Justice of the Supreme Court of Nigeria
- Incumbent
- Assumed office 15 November 2013

Personal details
- Born: 11 July 1959 (age 67) Akwa Ibom State, Nigeria

= John Inyang Okoro =

Nigerian jurist (born 1959)

John Inyang Okoro (born 11 July 1959) is a Nigerian jurist and Justice of the Supreme Court of Nigeria.

==Education==
Okoro attended Methodist School, Nung Ukim from 1965 to 1972, Methodist Boys' High School, Oron from 1973 to 1977, School of Arts & Science, Uyo 1979 to 1981 and the University of Lagos from 1981 to 1984. He attended the Nigerian Law School, Lagos and was called to the Nigerian Bar in 1985.

==Legal career==
Okoro started his legal career as Magistrate Grade II in 1986 and rose through the Magisterial Cadre culminating in his promotion to the post of Chief Magistrate Grade I in 1996. He was then appointed a Judge of the High Court of Akwa Ibom State from 1998 to 2006. Okoro was elevated to the Court of Appeal in 2006 and served in that capacity till 2013. His appointment as Justice of the Supreme Court of Nigeria was confirmed by the Senate in October 2013. He was sworn in on 15 November 2013 by Justice Aloma Mariam Mukhtar, the former Chief Justice of Nigeria.

==Appointments==
Okoro has over the years served in different capacities and bodies, namely; Member, Election Petition Tribunal, Kano, 1998, Member, Governorship and Legislative Houses Election Petition Tribunal, Ondo State, 2003, Member, Governorship and Legislative Houses Election Petition Tribunal No.2 Delta State, 2003. He has also attended several seminars, workshops and conferences both locally and internationally.
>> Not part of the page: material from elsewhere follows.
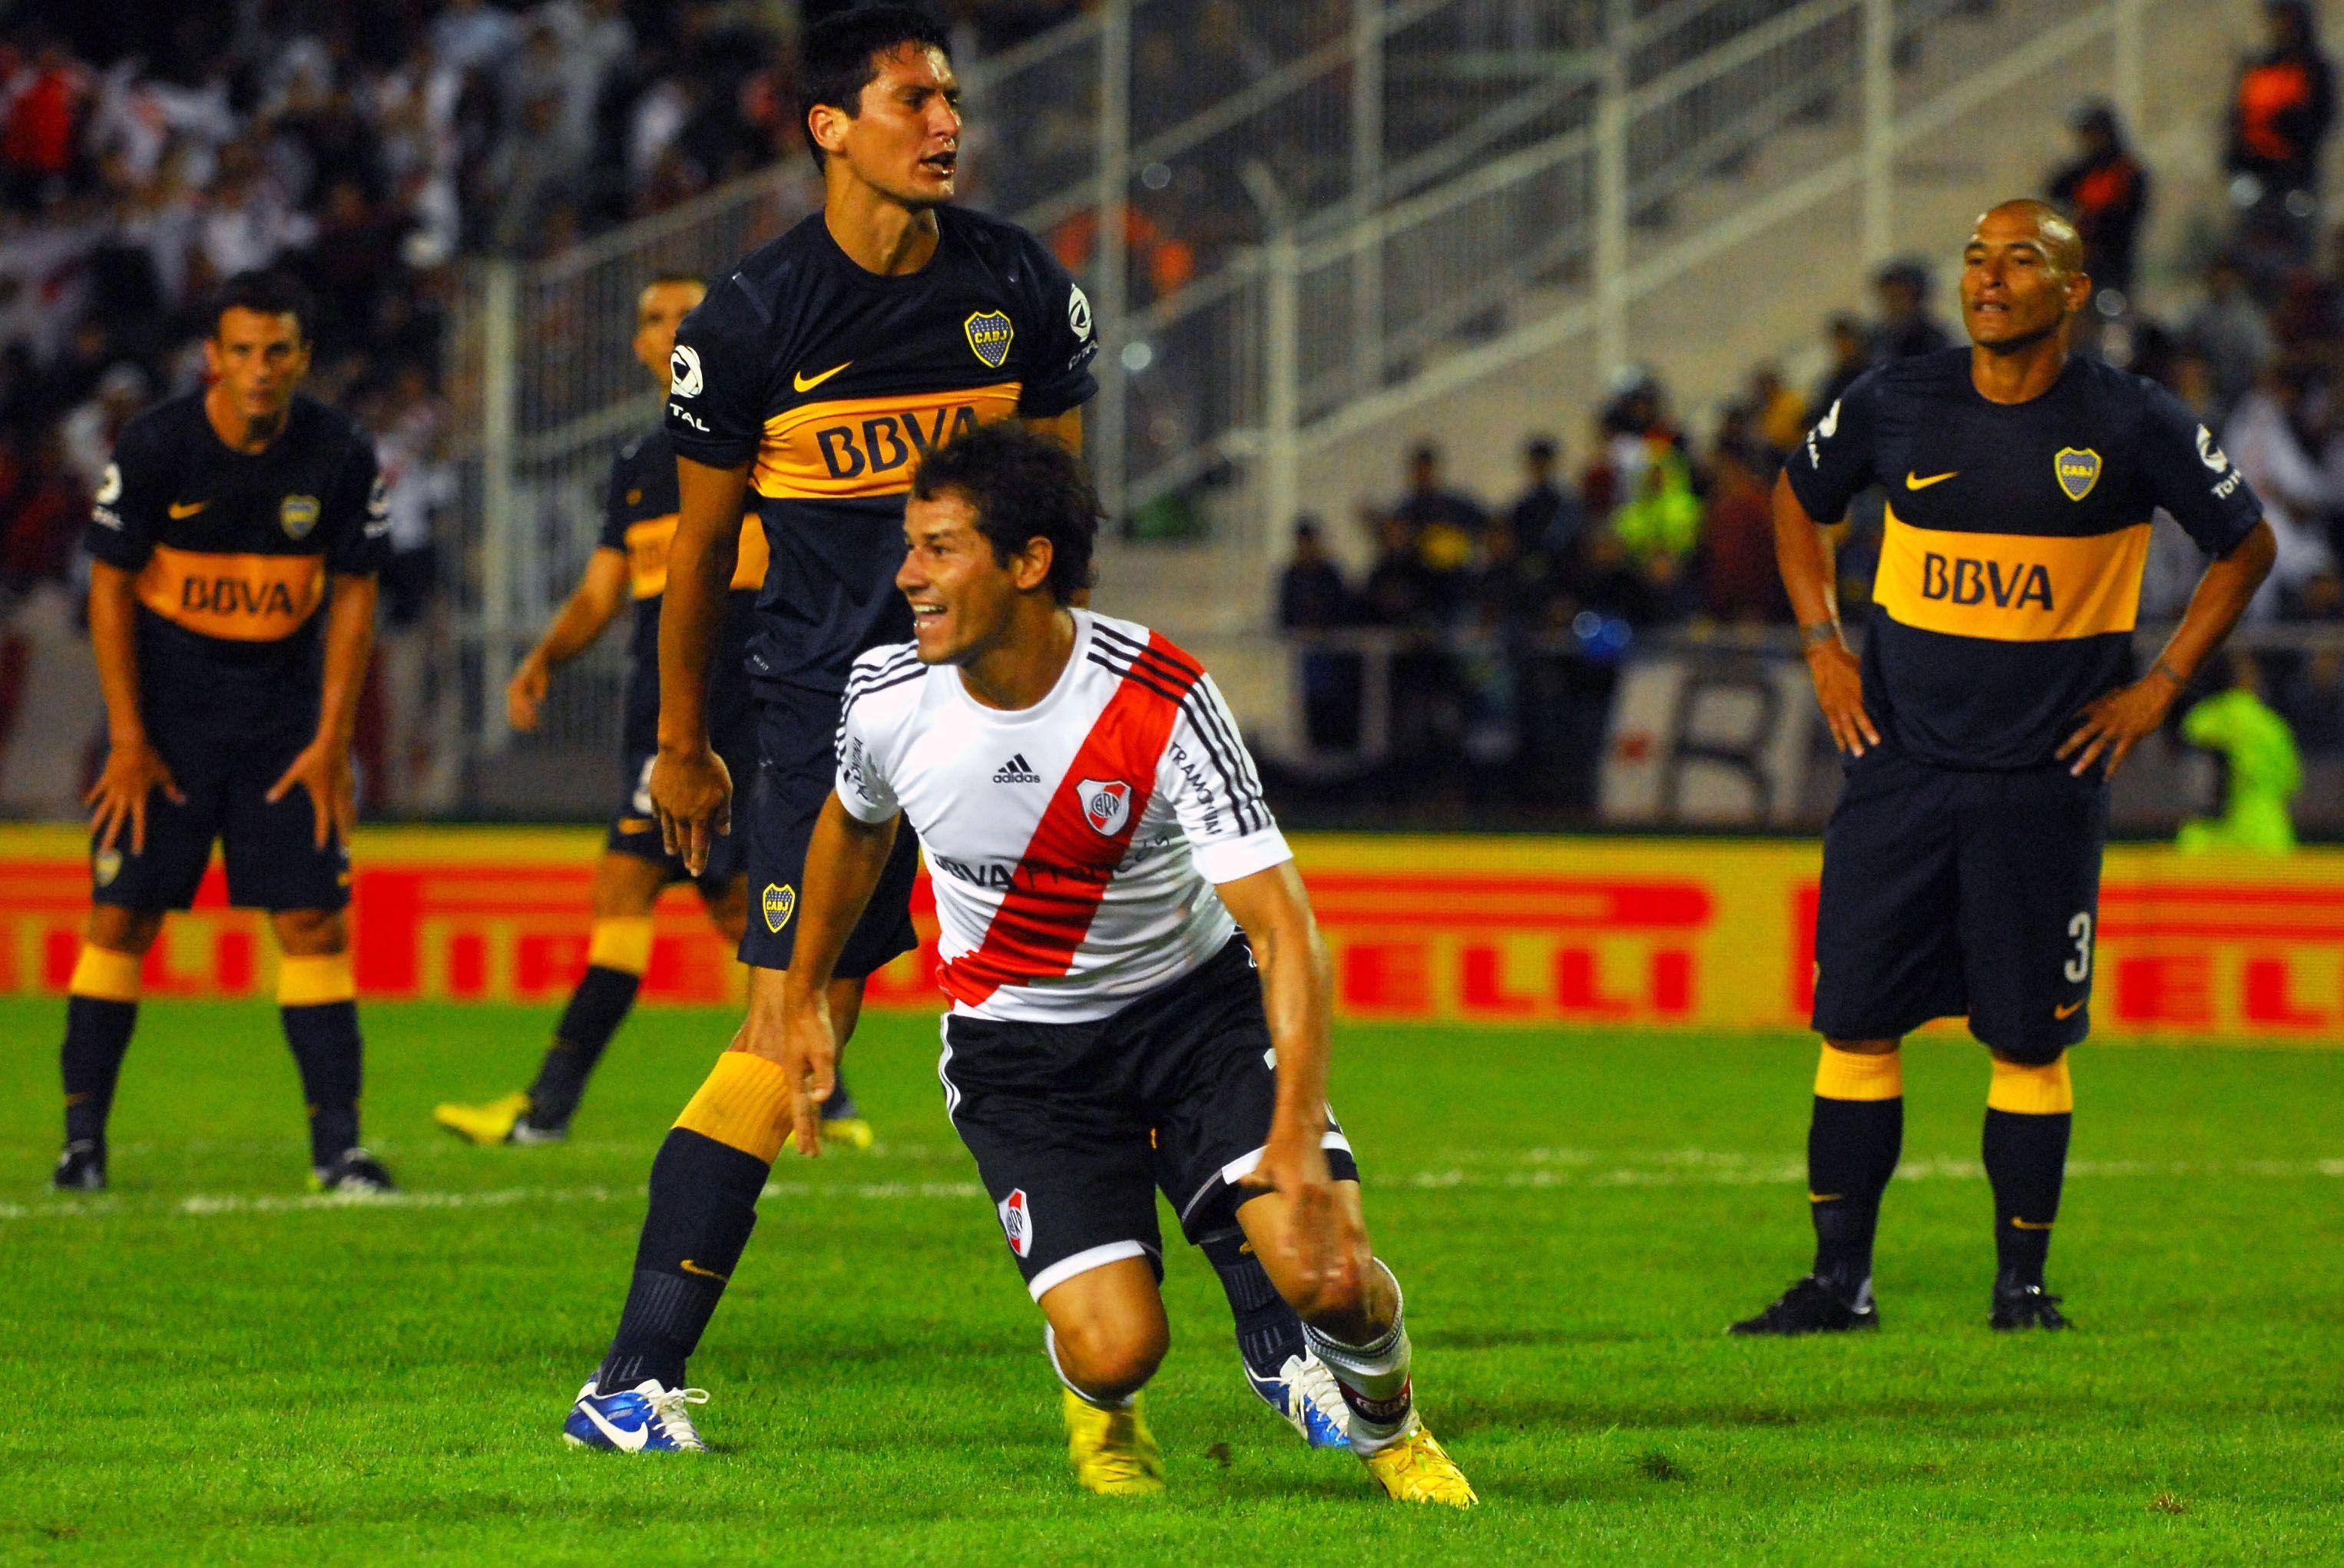 Mora: Cuando salió el primer gol, empezó a salir todo bien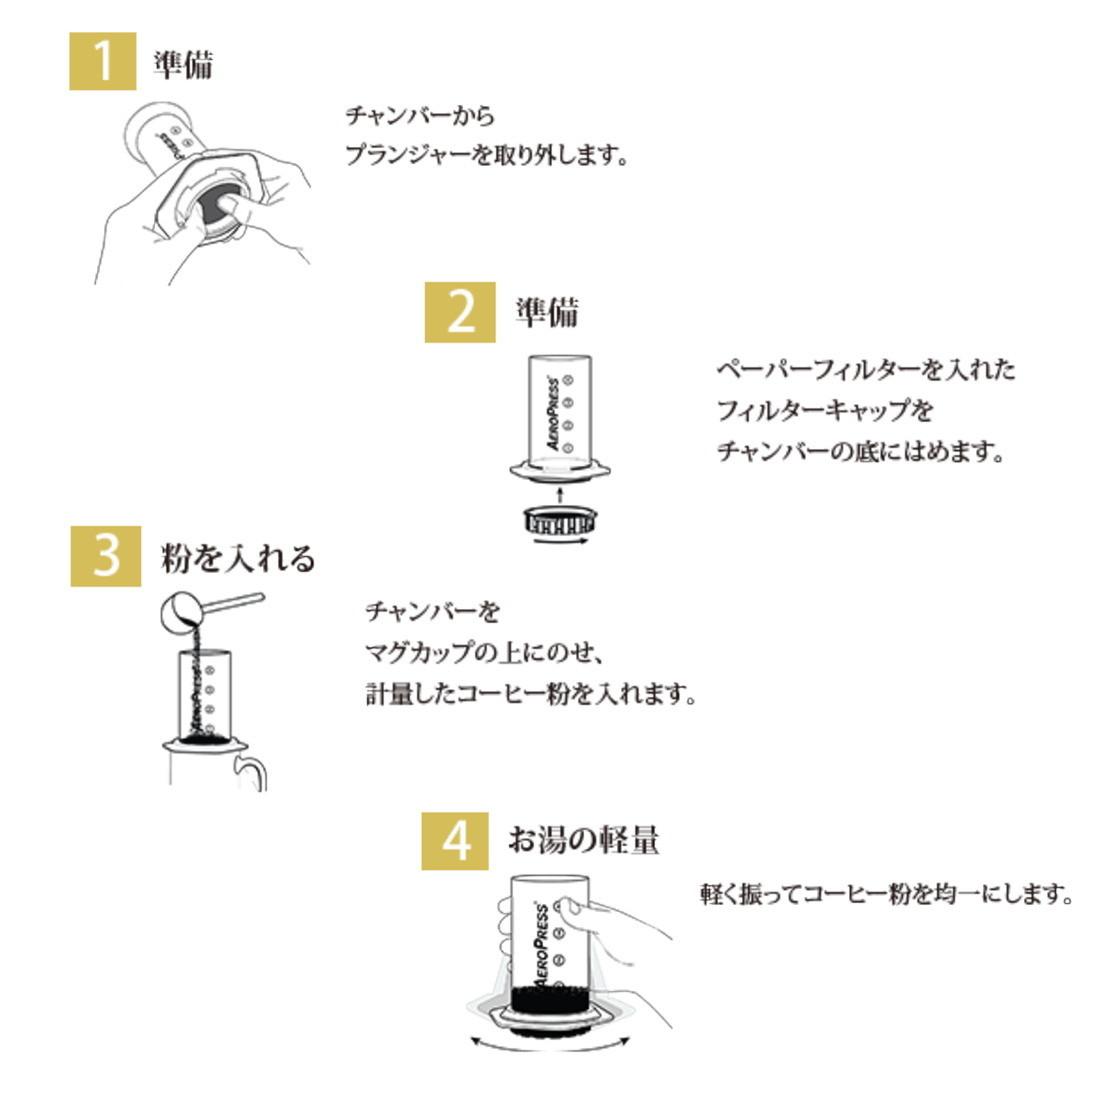 エアロプレス AeroPress Coffee Maker コーヒーメーカー コーヒーミル用 手挽き 珈琲豆用  国内正規品 89209205

On 8 October 2016, he was arrested by the Department of State Security Services (DSS), on wrongful allegations of bribery and corruption. After investigations he was exonerated and recalled as a Judge of the Supreme Court. He was later cleared by the DSS in December 2019 and never faced trial for the crimes he was charged with.